My screen went black.
My heart sank.
And Jeremy kept eating his hot dog, and said, in an anti-climactic way, "I'm gonna hop in the shower."
I sat with my computer in my lap, rocking back and forth, and consoling it's lifeless body,
"Shhh...it's going to be okay...shhhh...."
The computer replied by saying,
"Hello, I am dead. Please press any key to make it permanent."
I knew it was a trick question, so I didn't do anything.
"...Good job!

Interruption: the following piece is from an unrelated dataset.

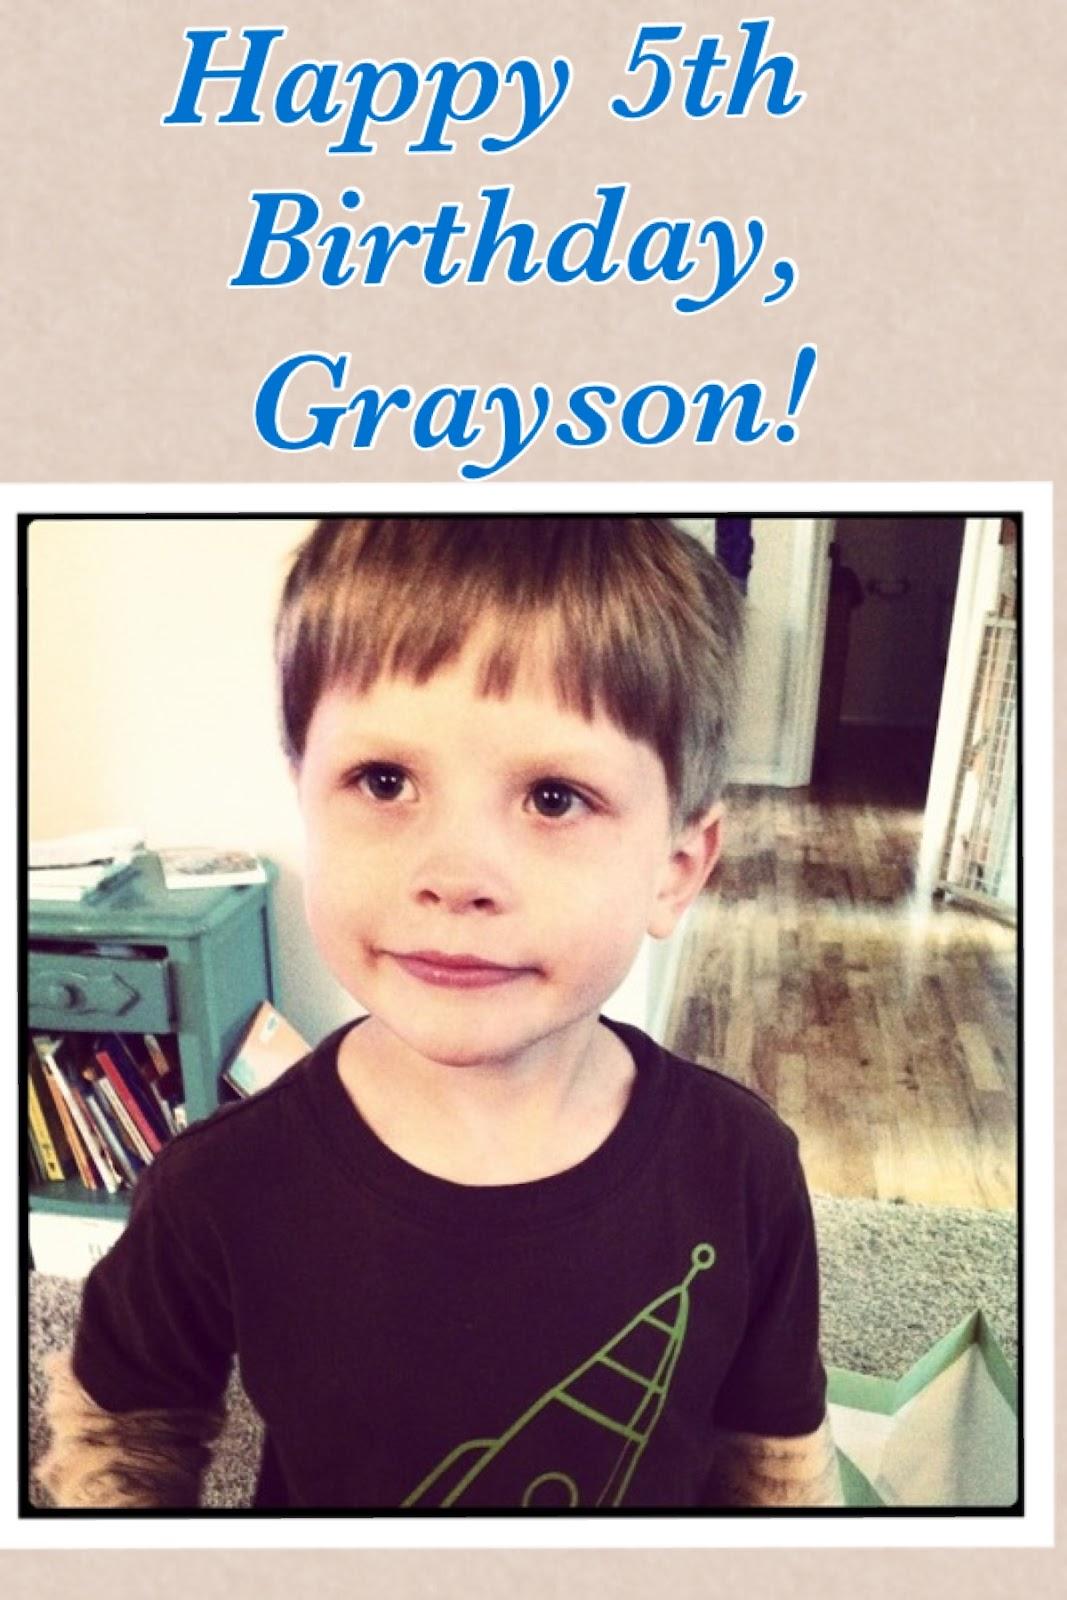 Our Family News: Happy 5th Birthday, Grayson

Now I am still dead, but will give you the option to resurrect me, with slightly less (okay, A LOT less) information than you had on me before...."
"OOO! I pick that one!"
"Okay, all I need is some DVD-Rs..."
I then tried a whole bunch of CD-Rs and for some reason they didn't work.
"WHAT AM I DOING WRONG!?!?!?" I screamed, shoving multiple disks into any slot I could find.
"I DON'T WANT THOSE!" my computer screamed back, spiting out the useless CDs.
We glared at each other, and then I pushed the button on top of the monitor and walked toward the bathroom.
I could hear it protesting as I went down the hallway that it couldn't see, and that it was lonely.
Oh well...
Dad came over today and helped me get my computer back to near-normal condition.
I asked him, "So...how do I get the information off the back-up disks?"
"I don't know. Good luck."
Gee, thanks, Dad...
Lucky for you, I figured it out, otherwise, you might have found your car mysteriously covered in eggs...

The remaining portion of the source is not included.